Уже во время моего первого пребывания в Городе я любил гулять по тем роскошным портикам, которые бесконечной полосой опоясывают чуть ли не всю область бывшего Мартового поля. И снова прежнее восхищение охватило меня, когда я вступил в эти прохладные приюты, где длинной чередой тянулись колонны из драгоценного мрамора, с золочеными капителями, где пол был убран яшмой и гранитом, где в нишах собран был целый мир изумительных статуй и где площадки, время от времени, утешали зеленью буксов, мирт, лавров и платанов. Как всегда, разнообразная толпа наполняла портики, так как сюда шли и богачи провести в прогулке часы перед баней, и знатные женщины, чтобы показать свои наряды, и знаменитые меретрики — повидаться со своими поклонниками, и бедняки, которым некуда было деваться и которым было приятнее в мраморных общественных палатах, чем в своем грязном углу. Одни шли сопровождаемые толпой рабов, другие — стесненные кругом друзей и поклонников, третьи гуляли одиноко, четвертые протягивали руку, просили подаяния, — и все вокруг было наполнено жужжанием речей и по-латыни, и по-гречески, и на многих других языках империи.
Так как было еще рано, я выбрал окольный путь через Портик Септа, чтобы подойти к Большому Портику со стороны Мавсолея. Однако в Септе я невольно замедлил, вновь увлеченный выставленными там диковинками Востока, изделиями художеств Индии и стран Серов, чучелами редких зверей и рыб, образцами разного оружия далеких стран. И когда я стоял там, рассматривая эти редкости, мое внимание привлекла женщина, одетая пышно, но слишком вызывающе, вся увешанная драгоценностями, с пальцами, сплошь залитыми перстнями, в которой нетрудно было угадать знатную меретрику.

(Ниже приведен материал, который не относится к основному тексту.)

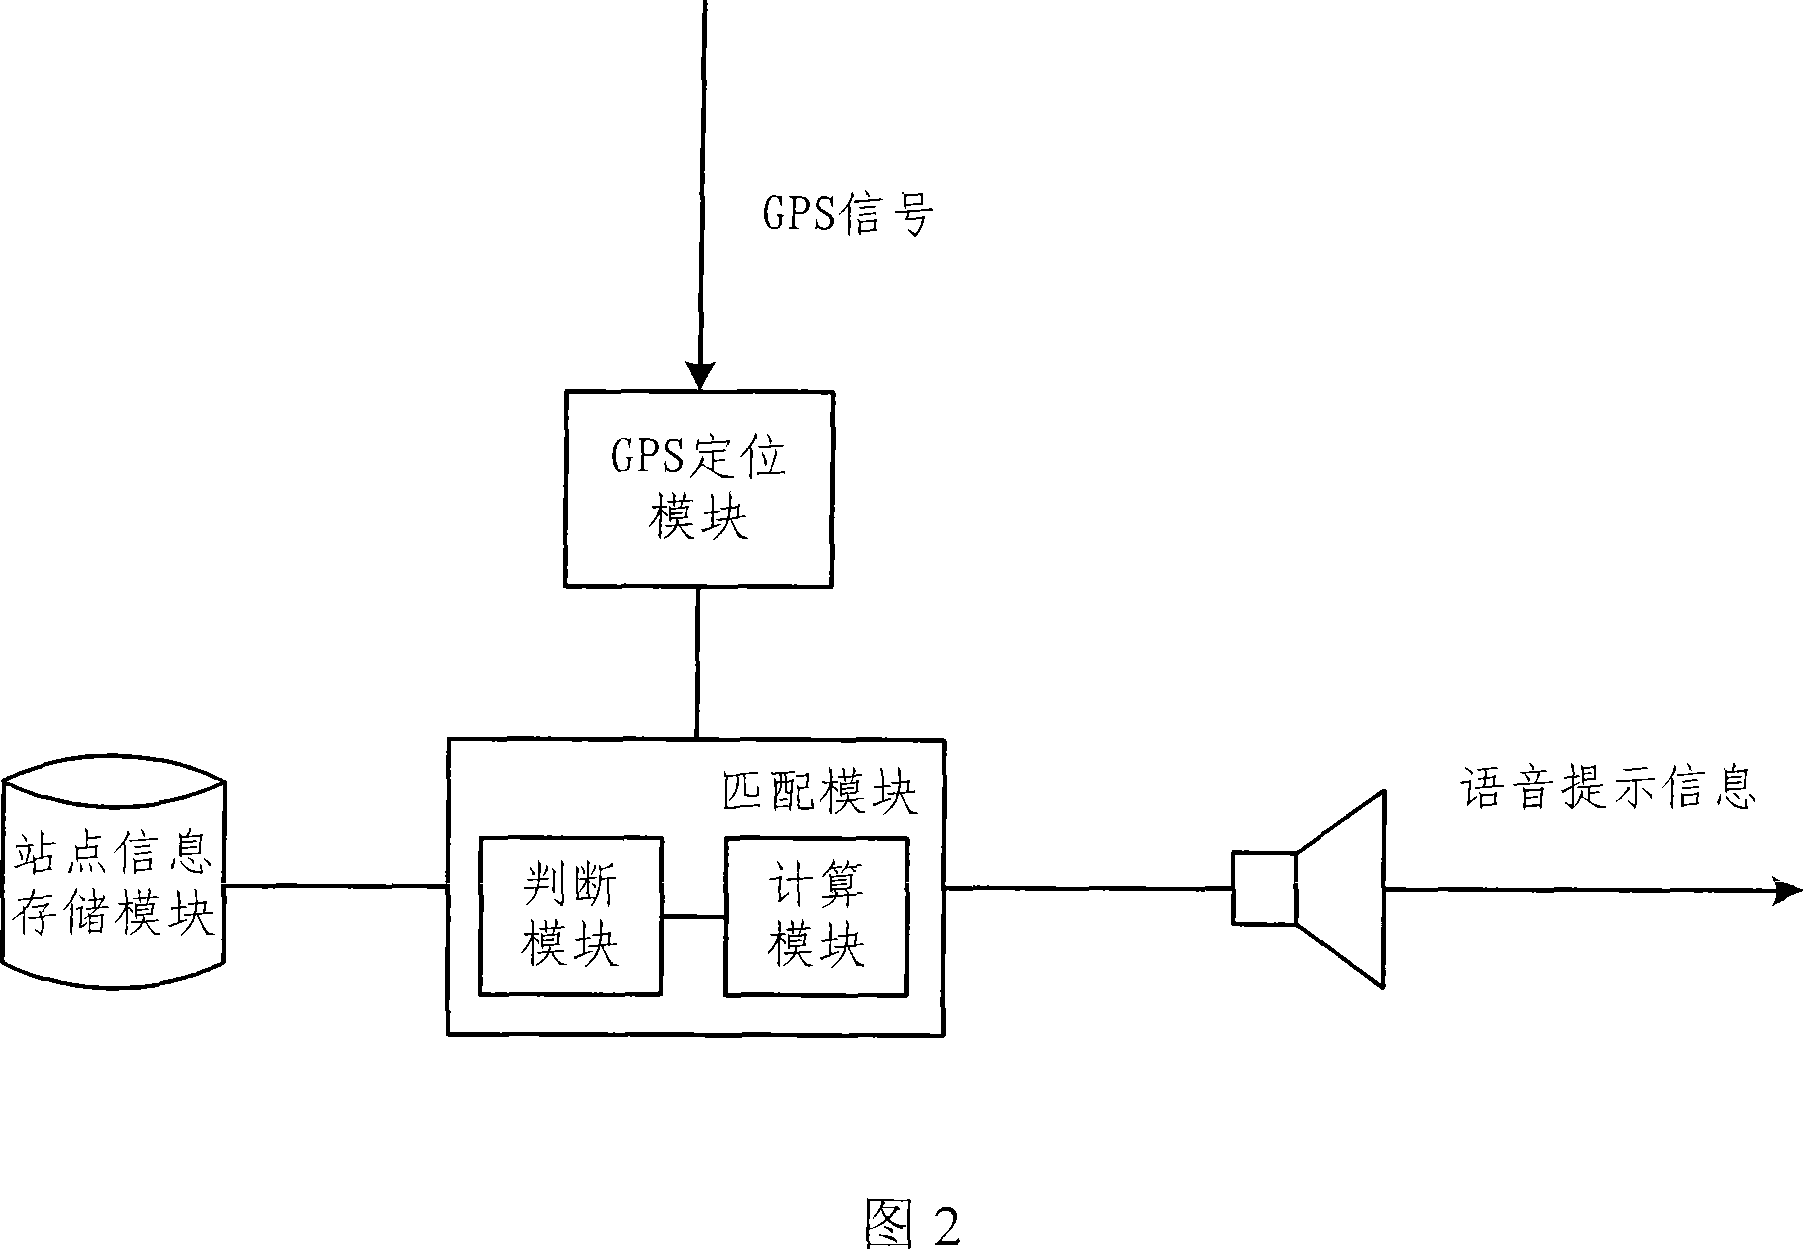 Device and method for reporting station of public transport

Толпа юношей, одетых тоже щегольски, окружала ее, но лицо женщины мне показалось знакомым, и, всматриваясь в нее, я уверился, что она тоже с любопытством меня разглядывает.

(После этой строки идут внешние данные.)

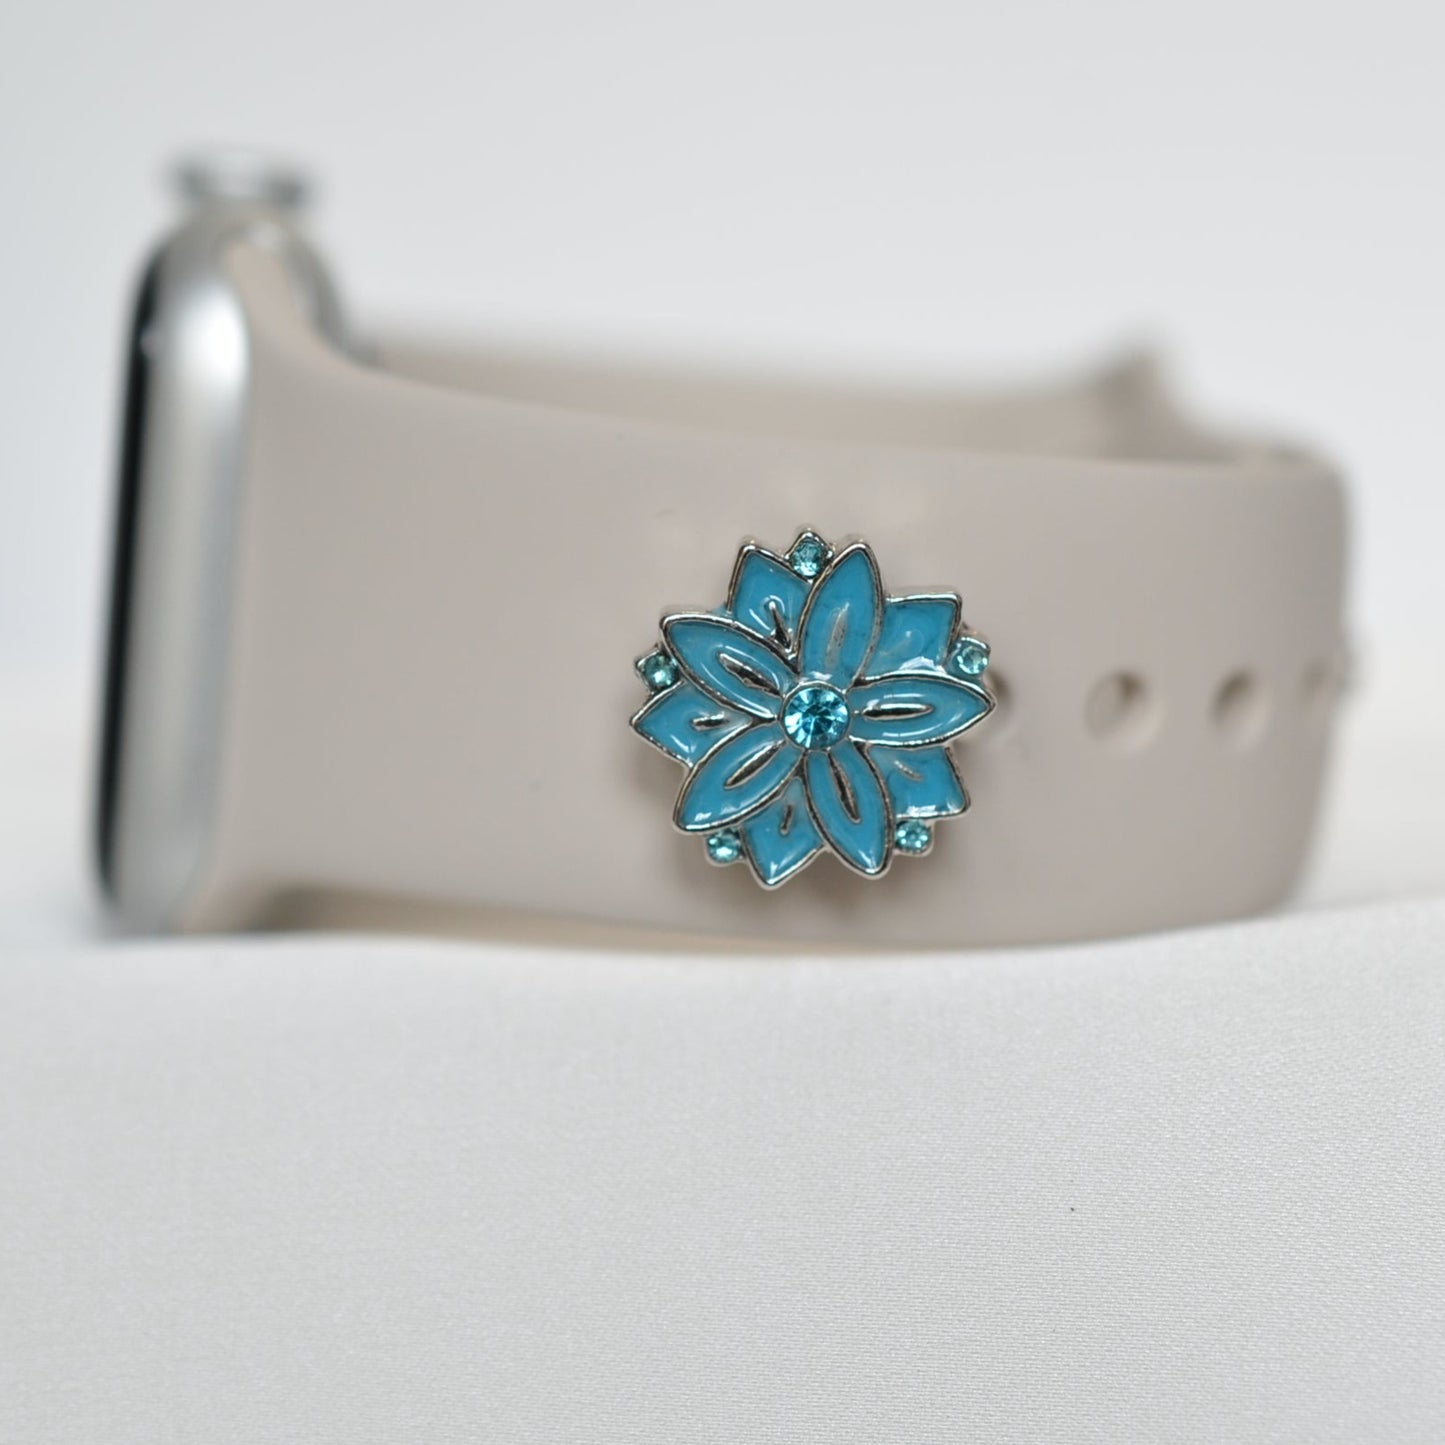 Blue Flower Charm for Belt, Bag and Watch Bands

Через минуту из толпы ее поклонников отделился один, подошел ко мне и вежливо спросил, не я ли Юний Норбан, племянник сенатора Тибуртина; когда же я ответил утвердительно, юноша объявил мне, что госпожа Мирра надеется, что я не забыл ее, и хочет со мной говорить. Хотя я не знал никакой Мирры, однако я счел своей обязанностью подойти к женщине и, приблизившись, вдруг ее узнал. То была <Лета>, сестра Реи.

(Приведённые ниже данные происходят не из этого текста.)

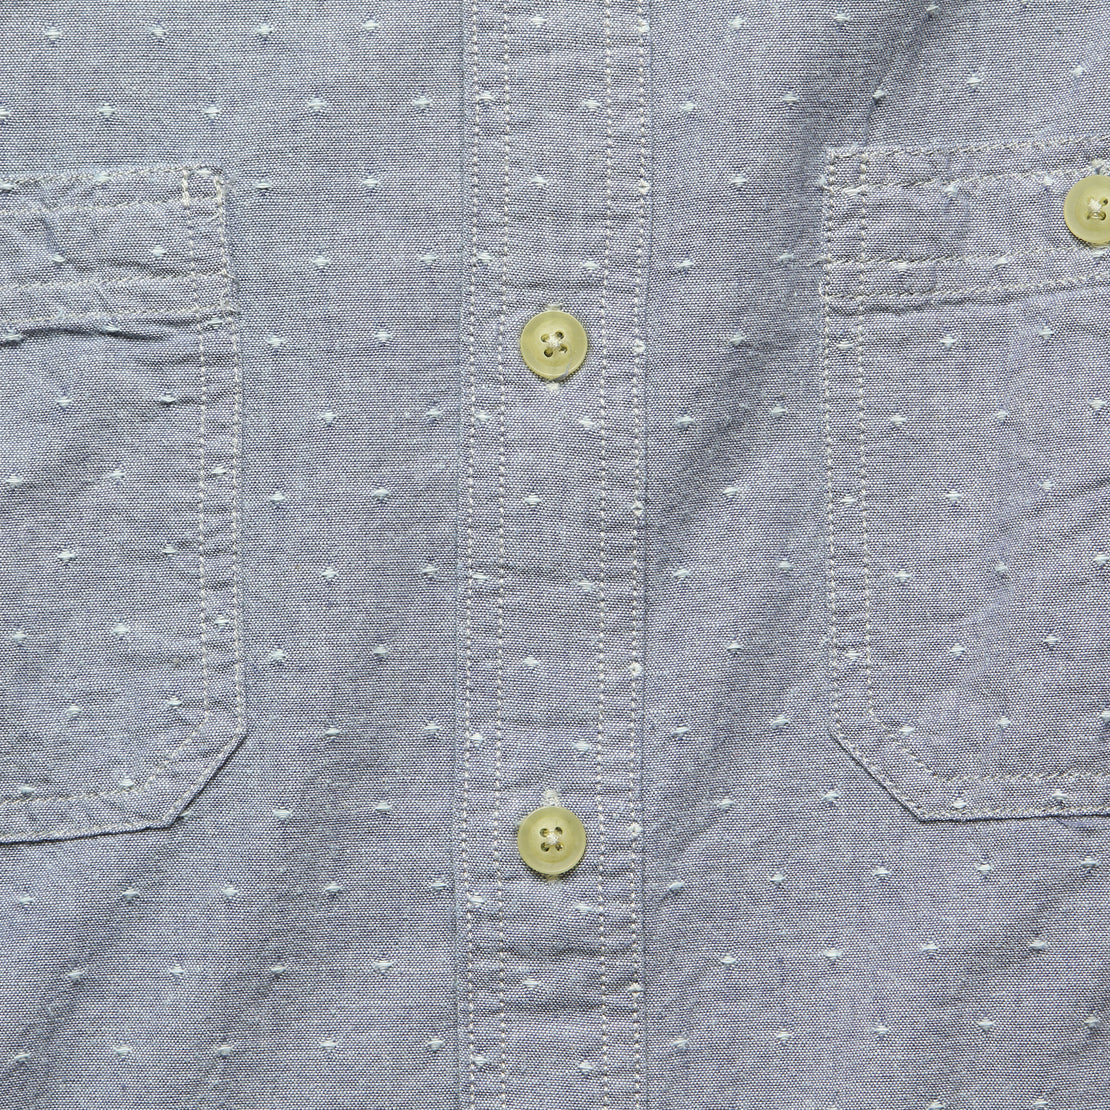 Hillwood Chambray Dobby Shirt - Blue - Grayers - STAG Provisions - Tops - L/S Woven - Other Pattern

— Здравствуй, Юний, — сказала мне она, — мы давно не видались. Я даже не знала, жив ли ты. Давно ли ты в Городе?
Объяснив в нескольких словах свое присутствие в Риме, я, в свою очередь, спросил Мирру, давно ли она вернулась в Город, так как при нашей последней встрече она собиралась уехать на Восток.
Мирра весело засмеялась, показывая ряд очаровательных зубов, тщательно отполированных, и, прищуривая свои подведенные глаза, возразила:
— Я уже успела забыть, что была в Вифинии. Не мое место в этой ссылке, хотя там очень красивые мужчины и прекрасное вино! Нет, я уже давно опять в Городе и весьма рада видеть тебя здесь опять. Буду также рада, если ты придешь ко мне обедать. Мой дворец помещается на <Виминале>. Спроси любого мальчишку, где дом Мирры, тебе укажут.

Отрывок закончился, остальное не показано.